Вересов возвел вокруг себя ограду из несложных правил и запретов еще в самом начале жизненного пути и был убежден в ее нерушимой, железобетонной прочности, пока однажды Нина Минаева не приблизила свое лицо к его лицу и не посмотрела ему в глаза зелеными, подтянутыми к вискам глазами, и от пристального взгляда этого у него похолодели кончики пальцев. Она перешагнула через ограду, даже не заметив ее, и Николай Александрович понял, что возводил ее не из железобетона и колючей проволоки наивных общежитейских премудростей, а из сыпучего песка, и от сознания собственной беззащитности перед тем, что вдруг, незванным, вошло в его жизнь, у него тоскливо сжималось сердце.
Еще ничего между ними, в сущности, не было, кроме нескольких более или менее случайных разговоров, но Вересов ощущал, что ограда рухнула, а вместе с нею рухнул и привычный, налаженный мир, в котором, хорошо ли, худо ли, он прожил чуть не пять десятков лет. И он то протягивал руку к телефону, то отдергивал как ошпаренный, — всегда решительный и даже несколько прямолинейный, теперь Николай Александрович чувствовал себя робким, растерянным и малодушным.
Обхватив голову руками, он сидел за письменным столом. Настольная лампа высвечивала разбросанные страницы рукописи. Они были испещрены поправками, словно Николай Александрович надеялся стилистическими ухищрениями отвести от Федора Белозерова удар. Он понимал, что это нелепо, статья требовала ясности и четкости, а слова ложились на бумагу вялые, случайные, как если бы профессор писал о туманности Андромеды или о конверторном производстве стали — о чем-то далеком и неизвестном, а не о том, что было выношено и выстрадано, как мать вынашивает младенца, что стоило трех лет поисков, экспериментов, операций. Он ловил себя на мысли, что эта статья не нужна не только Федору, его самого она уже нисколько не интересовала, как не интересовало все сделанное, доказанное. Мне она не нужна, она нужна больным, которых избавит от болезни, и практическим врачам, а меня теперь занимает совсем иное: гипертермия. Вот над чем стоит поломать голову, а не растрачивать серое вещество на отработанный пар. Зря я не поручил написать статью Сухорукову и Басову, а взялся сам — из-за Федора взялся, а что это может изменить…

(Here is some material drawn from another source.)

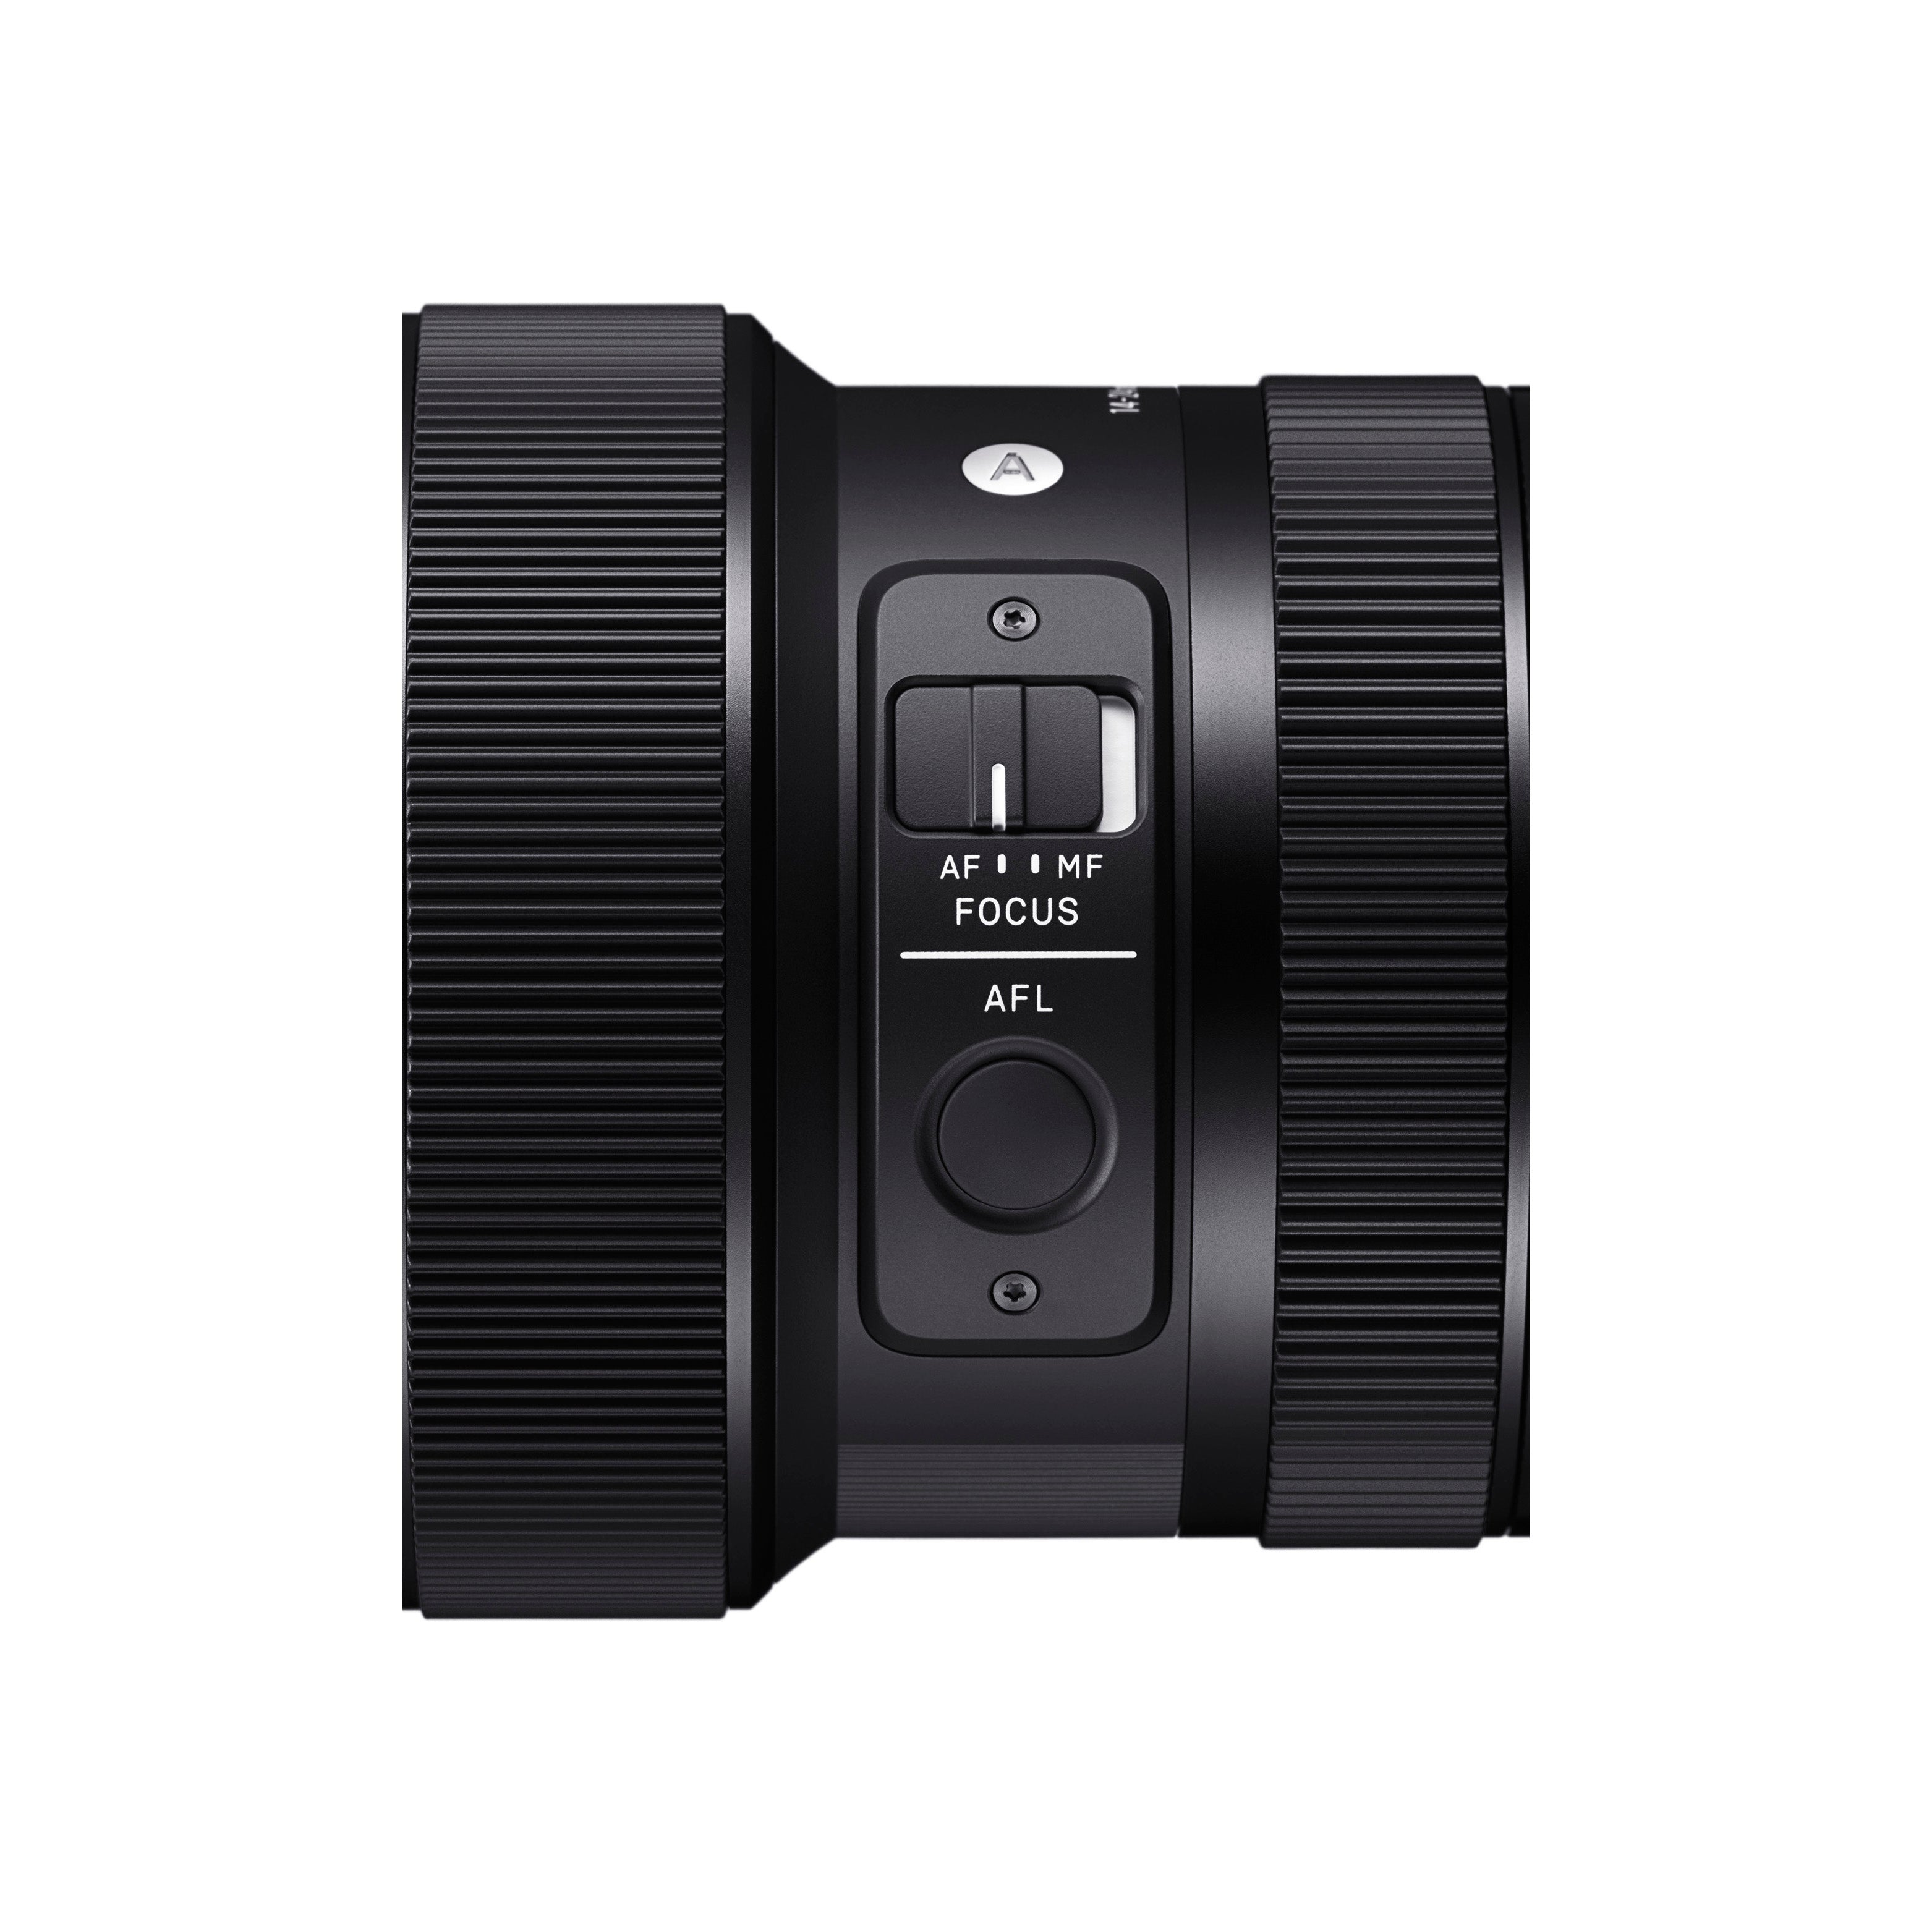 Sigma 14-24mm f2.8 DG DN Art Lens pour Leica L Mount
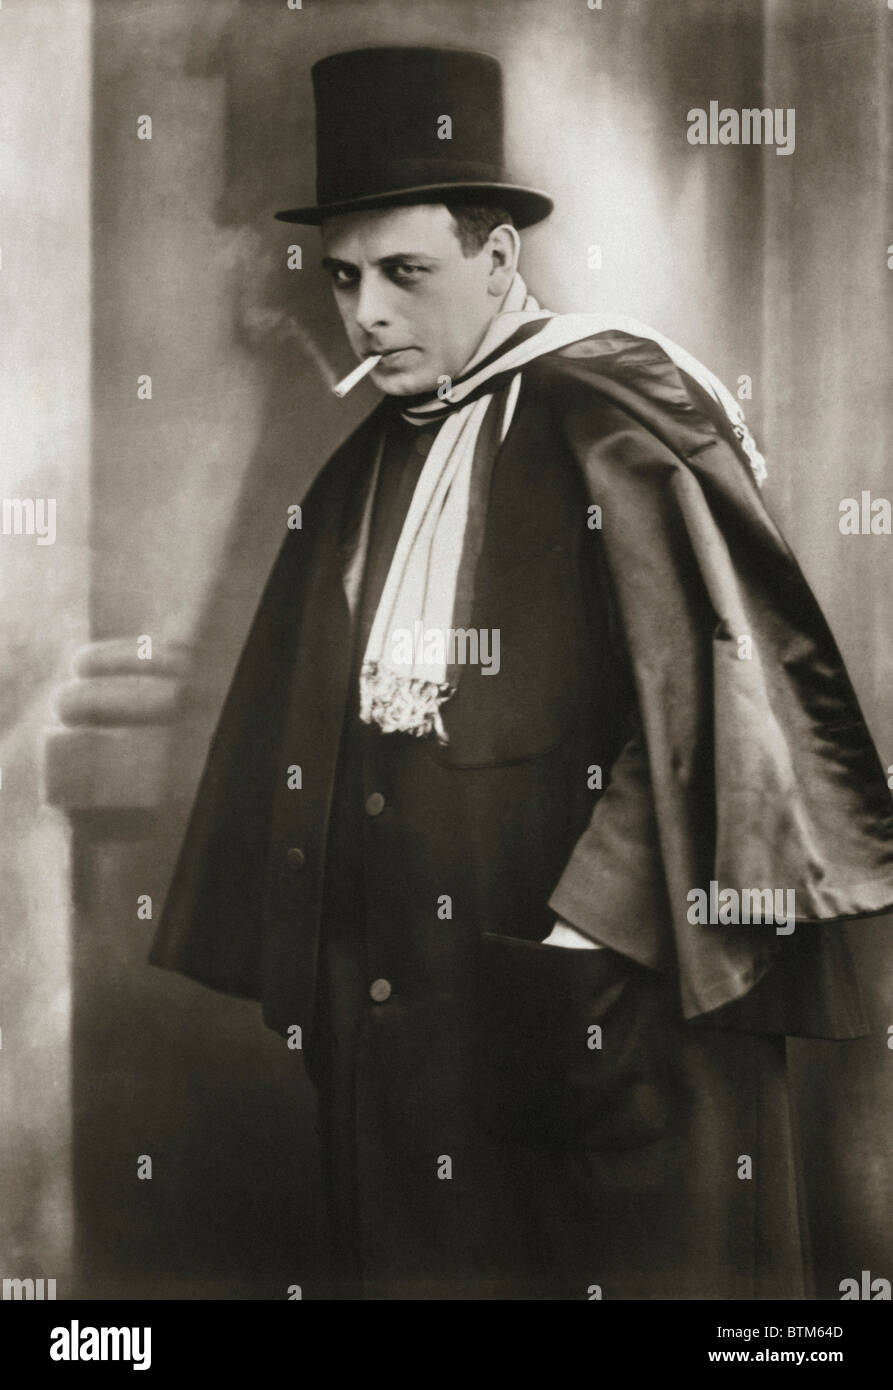 Photo historique (1910) d'un man smoking a cigarette Banque D'Images

Таял, размывался круг света на столе, синели окна, словно кто-то невидимый протирал их мягкой влажной тряпкой, оживало угомонившееся на ночь каменное ущелье улицы, заполняясь ревом моторов, и Вересов с облегчением откладывал ручку, чтобы снова окунуться в суету дня, где ни для размышлений, ни для переживаний попросту не оставалось места.